In [1]:
import os
import random
from collections import defaultdict
from tqdm import tqdm
from transformers import pipeline
from rapidfuzz import fuzz

  from .autonotebook import tqdm as notebook_tqdm


In [2]:
# Setup paths
data_root = '/Users/mamtaudai/Downloads/cadec'
text_dir = os.path.join(data_root, 'text')
original_dir = os.path.join(data_root, 'original')
meddra_dir = os.path.join(data_root, 'meddra')
sct_dir = os.path.join(data_root, 'sct')

In [3]:
all_files = [f for f in os.listdir(text_dir) if f.endswith('.txt')]


In [4]:
# Single demo file
demo_file = 'LIPITOR.86.txt'

In [5]:
# Define label mapping for d4data/biomedical-ner-all
label_map = {
    'SIGN_SYMPTOM': 'ADR',
    'BIOLOGICAL_STRUCTURE': 'ADR',
    'SEVERITY': 'ADR',
    'DISEASE': 'Disease',
    'CHEMICAL': 'Drug',
    'ADR': 'ADR'
}

In [28]:
#  Load NER pipeline 

ner_pipeline = pipeline("ner", model="d4data/biomedical-ner-all", aggregation_strategy="simple")

Device set to use cpu


#  Helper functions 


In [7]:
def extract_entities(filepath):
    entities = set()
    with open(filepath, 'r', encoding='utf-8', errors='replace') as f:
        for line in f:
            if line.startswith('#'):
                continue
            parts = line.strip().split('\t')
            if len(parts) != 3:
                continue
            _, label_and_ranges, text = parts
            label = label_and_ranges.split()[0]
            entities.add((label, text.lower()))
    return entities

In [8]:
def extract_adr(filepath):
    adrs = set()
    with open(filepath, 'r', encoding='utf-8', errors='replace') as f:
        for line in f:
            if line.startswith('#'):
                continue
            parts = line.strip().split('\t')
            if len(parts) < 3:
                continue
            _, _, text = parts
            adrs.add(('ADR', text.lower()))
    return adrs

In [9]:
def evaluate_file(fname, text_dir, original_dir, ner_pipeline, label_map):
    text_path = os.path.join(text_dir, fname)
    with open(text_path, 'r', encoding='utf-8', errors='replace') as f:
        post_text = f.read()

    ner_results = ner_pipeline(post_text)
    
    # Map predictions
    pred_entities = set()
    for entity in ner_results:
        text = entity['word'].strip().lower()
        model_label = entity['entity_group'].upper().replace("-", "_")
        if model_label in label_map:
            cadec_label = label_map[model_label]
            pred_entities.add((cadec_label, text))
            
    # Load ground truth
    ann_fname = fname.replace('.txt', '.ann')
    gt_entities = extract_entities(os.path.join(original_dir, ann_fname))
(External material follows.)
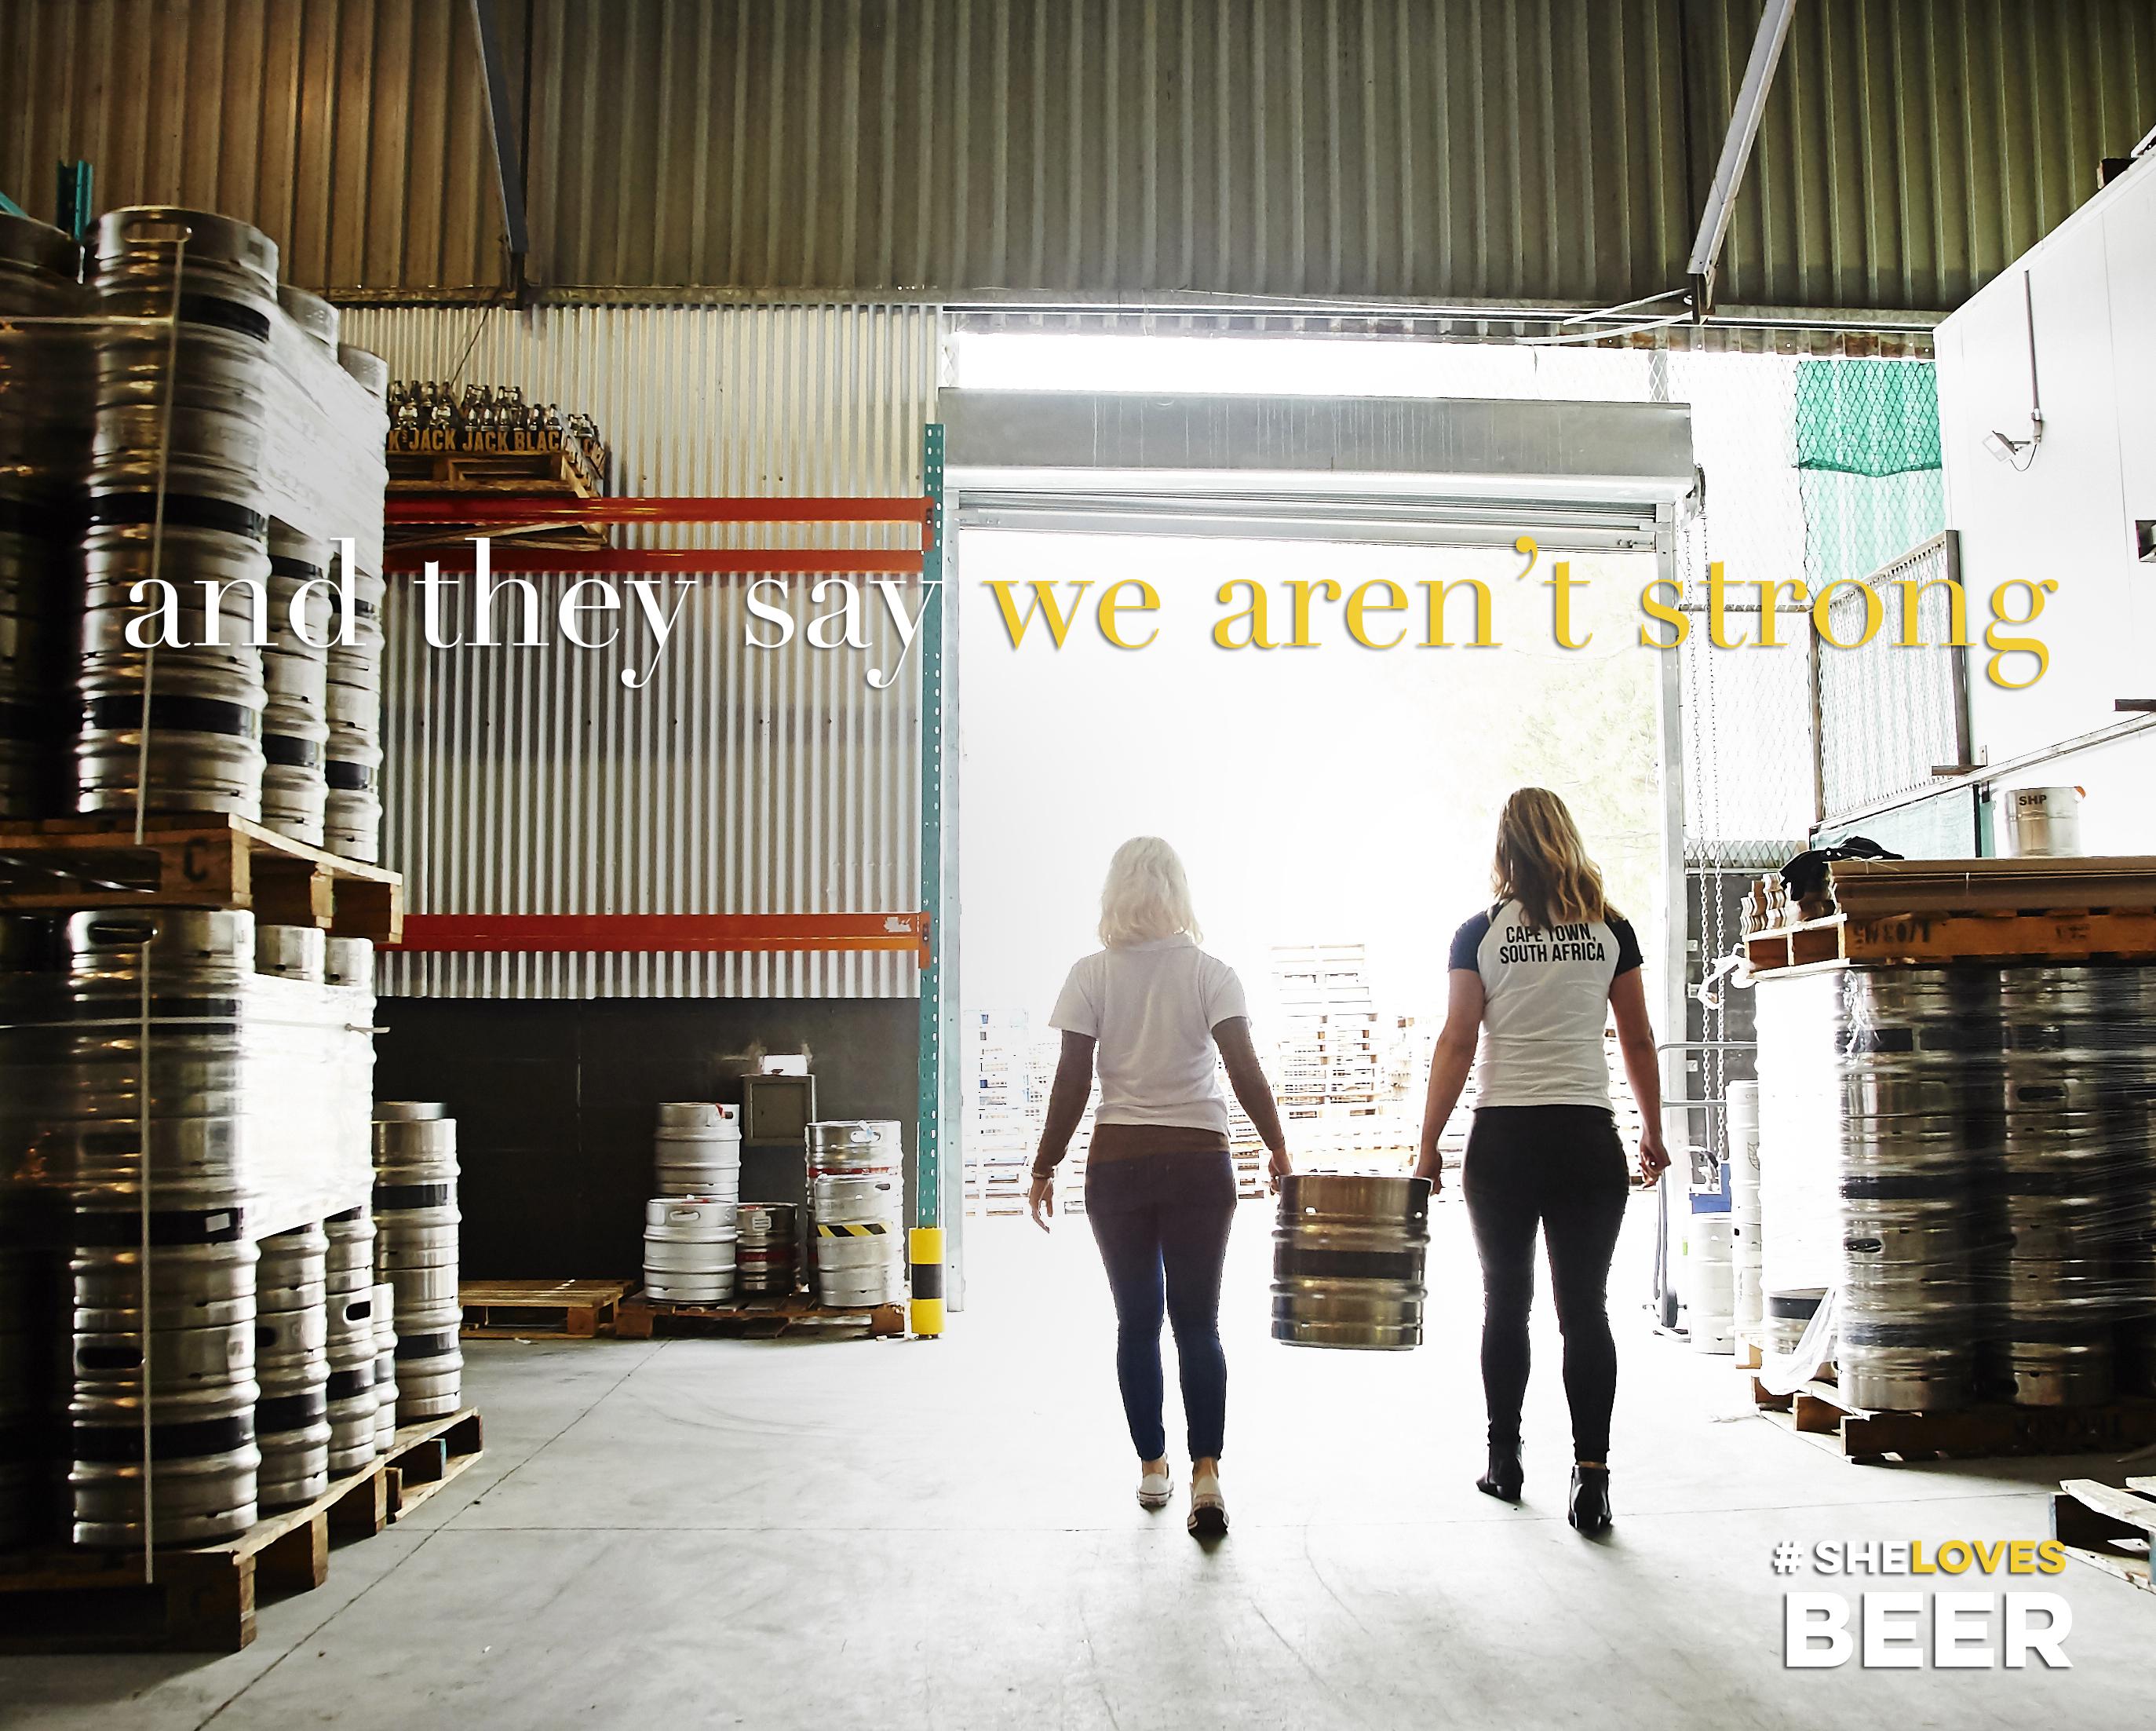 #shelovesbeer Campaign

    # Fuzzy match predictions
    tp = 0
    for pred_label, pred_text in pred_entities:
        for gt_label, gt_text in gt_entities:
            if pred_label == gt_label and fuzz.partial_ratio(pred_text, gt_text) >= 80:
                tp += 1
                break

    fp = len(pred_entities) - tp
    fn = len(gt_entities) - tp

    p = tp / (tp+fp) if tp+fp > 0 else 0
    r = tp / (tp+fn) if tp+fn > 0 else 0
    f1 = 2*p*r/(p+r) if p+r > 0 else 0

# We choose Precision, Recall, and F1 as our metrics because they are standard for NER evaluation.
# Precision measures how many predicted entities are correct.
# Recall measures how many ground truth entities were found.
# F1 balances both, which is especially important for imbalanced data like ADR mentions.
    
    return p, r, f1

# --- Task 1: Enumerate distinct entities of each type ---


In [10]:
global_label_entities = defaultdict(set)
for fname in tqdm(all_files, desc="Enumerating unique entities"):
    ann_fname = fname.replace('.txt', '.ann')
    orig_path = os.path.join(original_dir, ann_fname)
    with open(orig_path, 'r', encoding='utf-8', errors='replace') as f:
        for line in f:
            line = line.strip()
            if line.startswith('#') or not line:
                continue
            parts = line.split('\t')
            if len(parts) != 3:
                continue
            _, label_and_ranges, entity_text = parts
            label = label_and_ranges.split()[0]
            global_label_entities[label].add(entity_text.lower())

Enumerating unique entities: 100%|████████| 1250/1250 [00:00<00:00, 1917.01it/s]


In [11]:
for label, entities in global_label_entities.items():
    print(f"{label}: {len(entities)} distinct entities")

ADR: 3400 distinct entities
Drug: 323 distinct entities
Disease: 164 distinct entities
Finding: 298 distinct entities
Symptom: 148 distinct entities


# --- Tasks 2–4: Evaluate on single file ---


In [12]:
p, r, f1 = evaluate_file(demo_file, text_dir, original_dir, ner_pipeline, label_map)
print(f"\nSingle file: {demo_file}")
print(f"Precision: {p:.2f}, Recall: {r:.2f}, F1: {f1:.2f}")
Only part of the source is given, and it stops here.